Study seeks to integrate scientific findings in oil spill regulations

A key consideration in the study is how well the results of scientific research are integrated into the regulation and governance of spill response in Canada, including in the changing Arctic. Hubert points out that “as shipping and other marine activities increase in Arctic waters, scientific knowledge will play an essential guiding role for filling gaps in the existing legal regime, and in determining best practices for marine oil spill response.”

Against this backdrop, in addition to hours logged in the law library over the summer, Bogetti participated in an oceanographic research cruise in the Arctic. “I was given the very unique opportunity to join our science collaborators aboard the R/V Martin Bergmann, a 65-foot former fishing trawler that has been refitted to accommodate the needs of marine scientists working in Canada’s Arctic.” 

Researchers from the University of Calgary, University of Manitoba, Université Laval, Fisheries and Oceans Canada (DFO), and the Arctic Research Foundation (ARF) participated in a seven-day interdisciplinary cruise, embarking from the community of Cambridge Bay on Aug. 1, and covering the regions of Dease Strait, Wellington Bay, and Queen Maude Gulf. Scientists targeted these regions as a focal point for studying how local ecosystems can prepare and respond to emerging marine risks, including marine oil pollution.

Law student joins ocean-going scientific research vessel

Hubert remarked that having a law student work on board a scientific research vessel was not “an obvious choice,” but one which is likely to pay future dividends in terms of enhancing capacity to solve real-world problems related to marine risk.

“The other students joked that Sam was our ‘legal oceanographer.’ I give a lot of credit to our collaborators including principal investigator Brent Else (Department of Geography), and MEOPAR for their vision to advance research in this area and giving Sam with this wonderful training and exposure. The federal government’s new Oceans Protection Plan underscores that oil pollution response remains as a significant knowledge gap. Crafting sustainable governance and management solutions for Canada’s oceans will require input from different disciplines working together with local partners in the coming years.”

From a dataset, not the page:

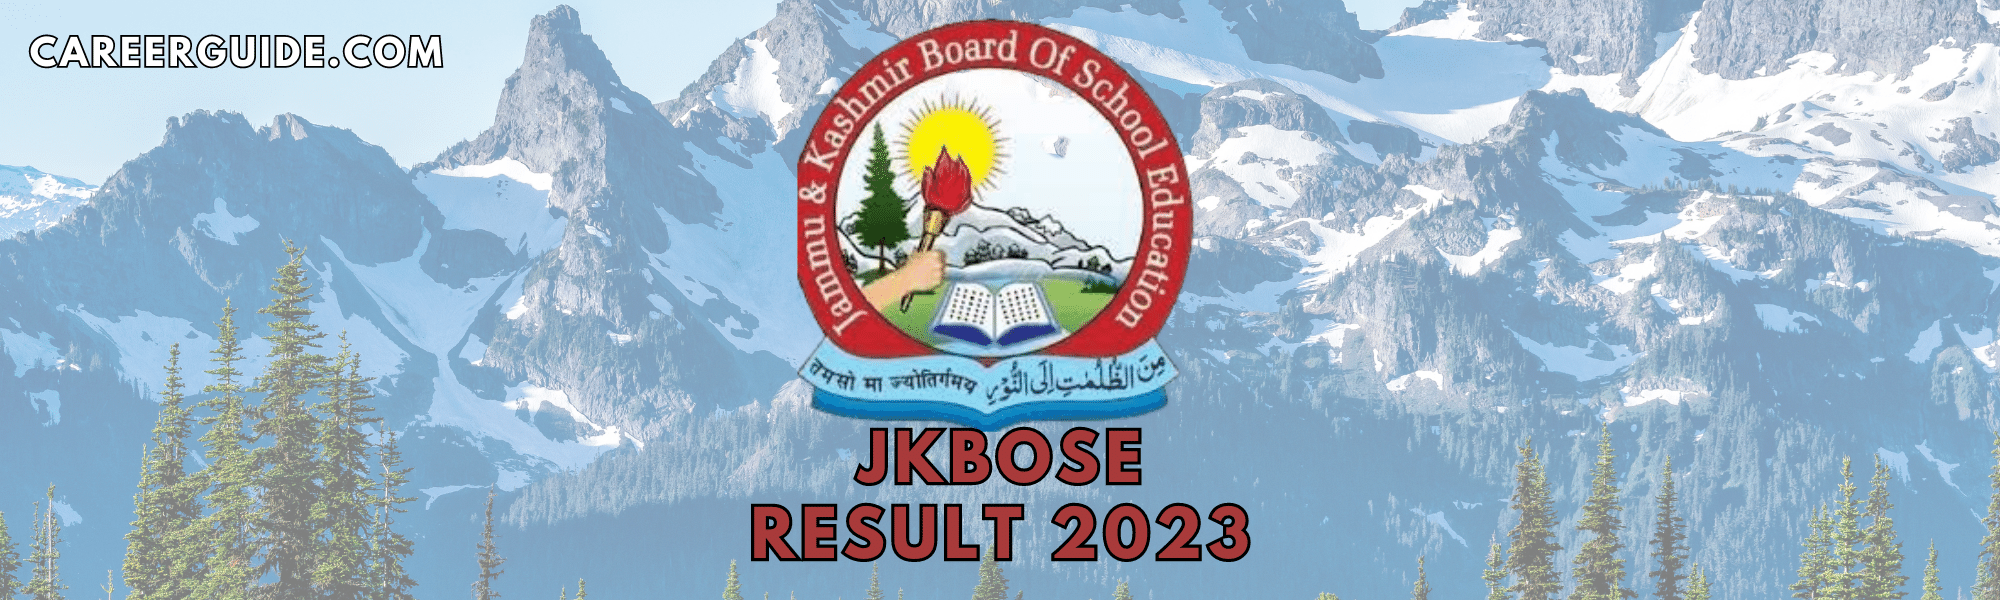 JKBOSE 12th result 2023-careerguide.com

Ocean’s Protection Plan revealed 

On Nov. 7, 2016, the federal government revealed its new Oceans Protection Plan. A central pillar of Canada’s new plan is to improve capacity for oil spill response along Canada’s coasts and waterways. The plan balances the objective to keep coasts safe and clean whilst recognizing the economic importance of oceans, including in the shipping and offshore oil and gas sectors.